Keywords: Mannose-6-phosphate receptor, enzyme replacement therapy, adeno-associated virus, acid alpha-glucosidase, acid maltase, Pompe disease, glycogen storage disease type II
INTRODUCTION
Infantile-onset Pompe disease results from the deficiency of lysosomal acid-α-glucosidase (GAA) and affects the heart and skeletal muscle primarily, causing death early in childhood from cardiorespiratory failure if untreated. Current therapy in the form of enzyme replacement therapy (ERT) has prolonged ventilator-free survival and muscle strength in patients with Pompe disease; however, the limitations of ERT have become increasingly evident and many patients eventually become ventilator-dependent on ERT. The enzyme dosages required for ERT in Pompe disease range up to 100-fold greater than those for other lysosomal disorders, which can be attributed at least in part to the poor uptake of recombinant human (rh) GAA by skeletal muscle associated with low abundance of the cation-independent mannose-6-phosphate receptor (CI-MPR). These limitations must be overcome to address the limitations of replacement therapy, be it ERT or gene therapy. Preclinical and clinical data suggest that paucity of CI-MPR reduced the uptake of GAA by Pompe disease cells [1–3]. The relevance of CI-MPR-mediated uptake during ERT was demonstrated by the increased efficacy of rhGAA that was modified to increase mannose-6-phosphate content in mice with Pompe disease [4; 5]. Consistent with a deficiency of the uptake and lysosomal targeting of GAA, Pompe disease patient fibroblasts were found to be deficient in CI-MPR recycling and uptake of rhGAA was impaired [3].
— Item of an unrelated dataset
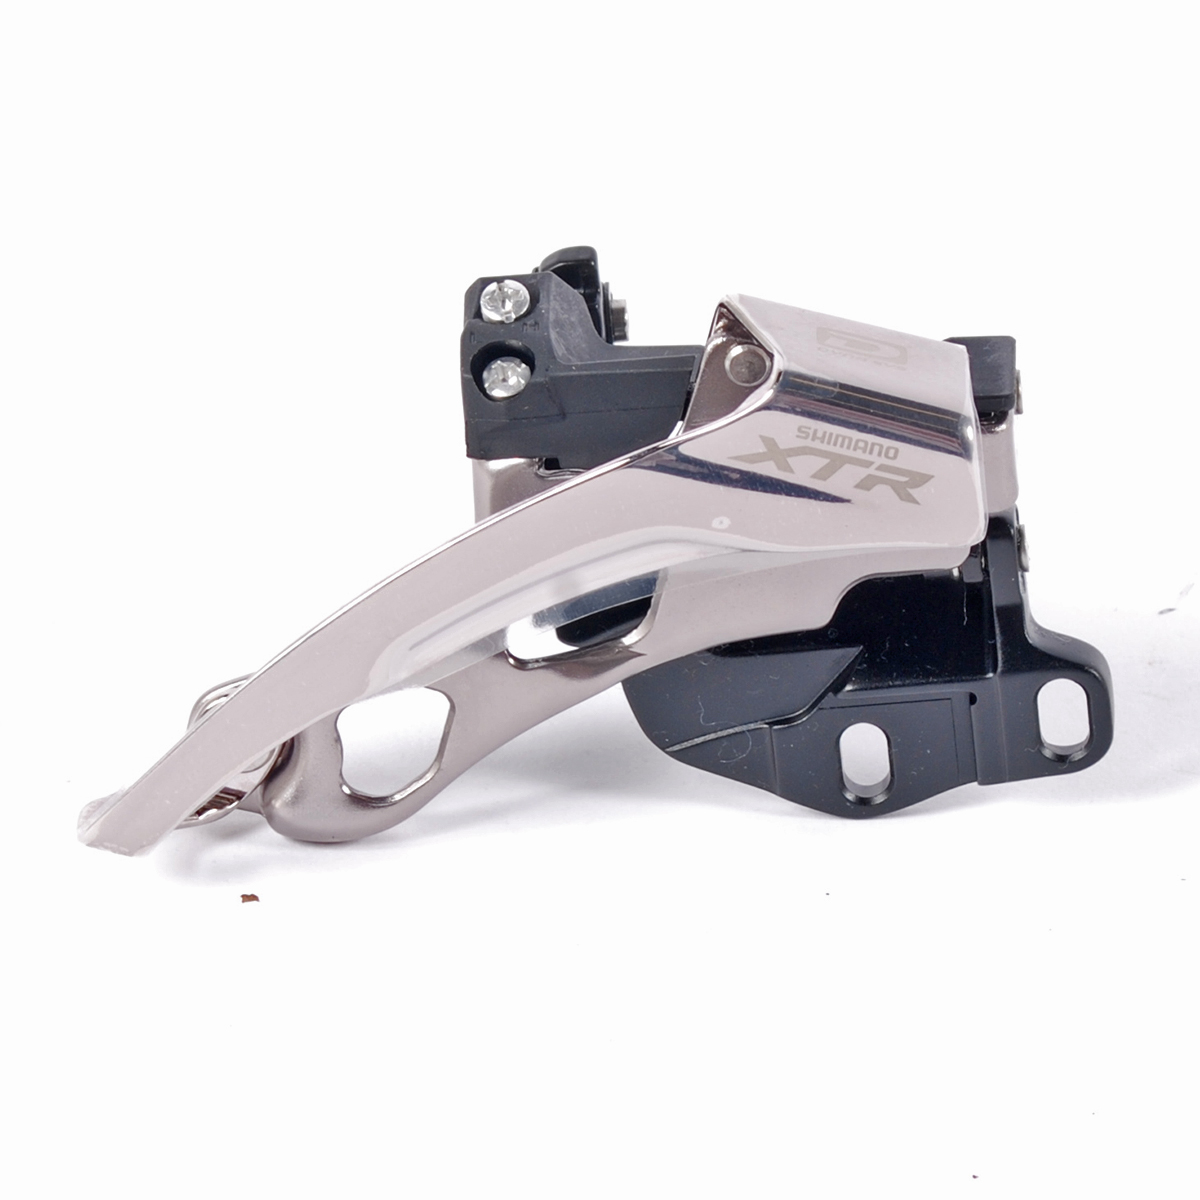 Shimano XTR FD-M980E MTB desviador 3 x 10 velocidades plata + Shimano en Veo y Compro
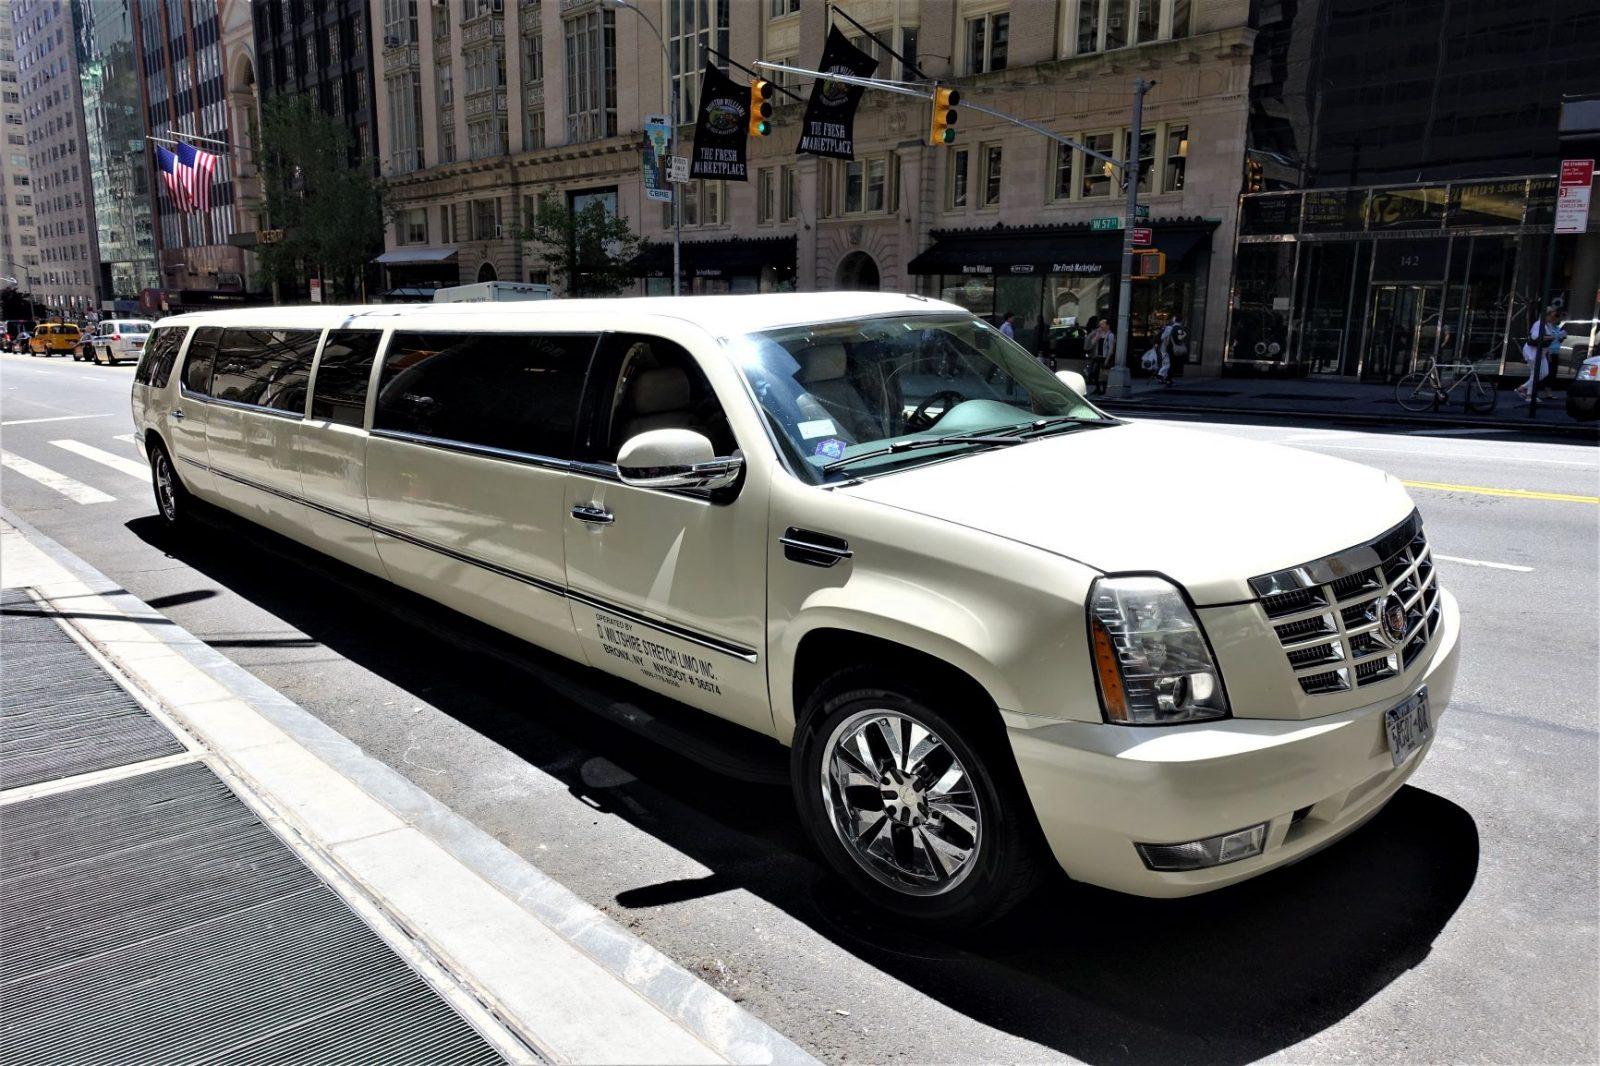 En veldig lang limousin i New yorks gater. fargen er lys beige

A lack of complete efficacy from ERT has been observed in long term survivors with infantile Pompe disease. Even in patients with a good response to ERT, a residual residual motor weakness (neck flexor weakness, dorsiflexor weakness, mypathic facies, ptosis and strabismus) has been observed. Respiratory insufficiency is observed especially in those started late [6]. CNS involvement as indicated by the prevalence of sensorineural hearing loss, hypernasal speech, with a flaccid dysarthria and aspiration risk suggestive of bulbar involvement is commonly observed in long term survivors [7]. Strabismus and ptosis have been observed frequently among children with Pompe disease following long-term ERT [8]. Each of these abnormalities demonstrated a lack of complete efficacy from ERT. Patients with late-onset Pompe disease have severe pulmonary insufficiency which may progress to respiratory failure while receiving ERT [9]. Many individuals with late-onset Pompe disease have residual gait abnormalities despite adherence to ERT, indicating a relative lack of response of limb-girdle and leg muscles [10]. Autopsy of infantile patients has revealed glycogen accumulation in Purkinje cells of the cerebellum, neurons of the cerebral cortex, motor neurons of the spinal cord and in vascular smooth muscle cells of the CNS vasculature, all of which may contribute to the neurological deficits observed in these patients [11].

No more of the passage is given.